Done buying new vinyl


Just bought a few albums recommended by a mag. Party by Aldous Harding and Beautiful Jazz by Christian Jacobs. The first has that slight buzzing distortion and dirty noise in one channel for the entire recording. The second has a two small clicks every revolution thru most of a side. The recording quality of the first varies from song to song. From very good to fair. But mostly dull with processing. The second is an AAA recording and is fair at best. Recorded too low and too muffled with flattened soundstage and dynamics. I have hundreds of 60s jazz and blues records that trounce these.
Should I send them back to Amazon?

128x128noromance

Showing 6 responses by noromance

Yes, veiled. Blanket is right. I thought there was something wrong with my rig. I just played Joni Mitchell Shadow and Light and it sparkled and felt just right. What on Earth are they doing to the music? I also bought three new remastered Roy H. records. Guess what? Blanketed compared to the originals. Newbies would think that was as good as it got. Search out originals. New vinyl is dead.
Just played this last night. The Lion’s Roar by First Aid Kit is a digital recording and sounds pretty good on CD (evidently a studio multi-track recording). But it sounds a lot better on vinyl. More detail, air and nuance. More emotion and therefore more satisfying.  
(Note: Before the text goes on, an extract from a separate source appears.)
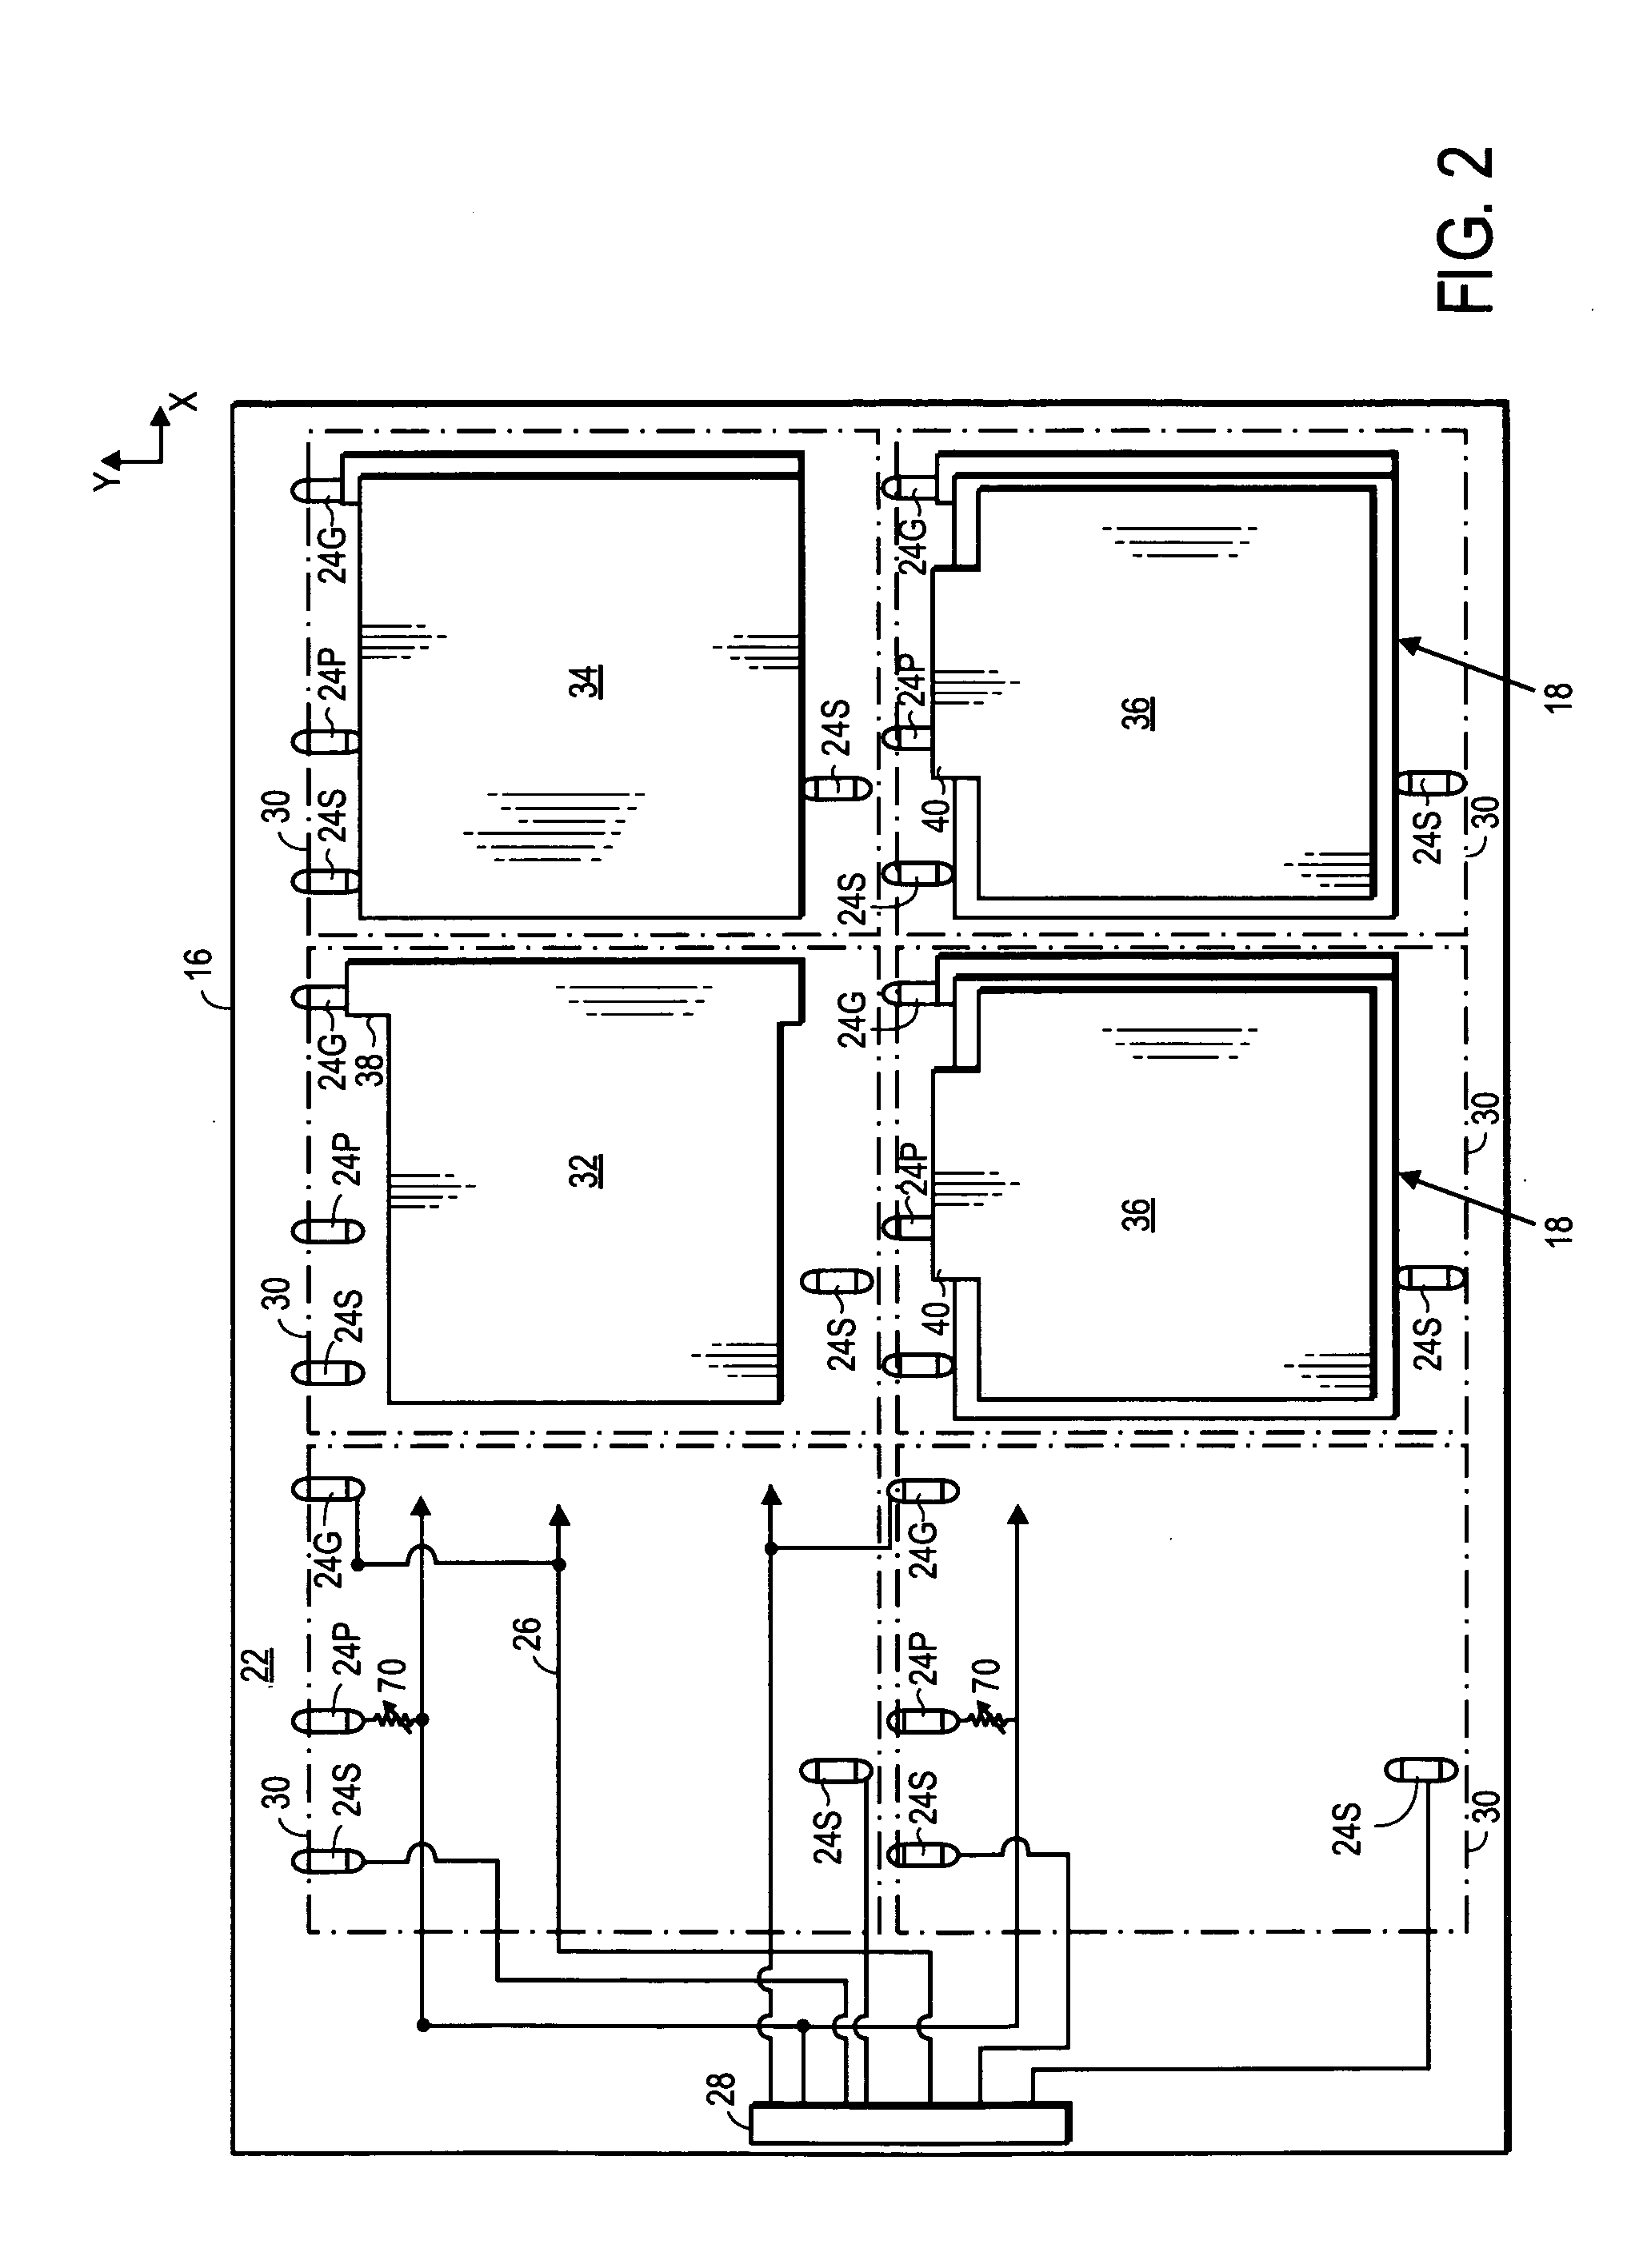 System for testing and burning in of integrated circuits

Some great points. At the end of the day, we are in agreement. It is the recording/mixing and not the pressing or the medium. I played my 1968 White Album which is not in the best of shape. Pops, crackles, frying eggs, the lot. Yet the music bursts forth off the vinyl. Crystal clear and full of detail, studio air, with Ringo’s rim-shots that crack you out of your chair. So, I don’t mind vinyl noise as long as the recording excels. Muted, dull with dead acoustics, mixed to death digitally, that sound like Dolby is on, seem to be the order of the day now.
@alphajet7 Feel free to plug away. Many already do, and we don't want you to fade away! For the record (!), I do buy quite a bit of new vinyl mostly to support artists whose music I listen to on YouTube (which I could not live without.)

Revisiting this to add that I've bought about 20 new LPs since and quality has improved across the board. Most are not late-50s-70s-analog gems but the vinyl is quiet enough and clarity has improved.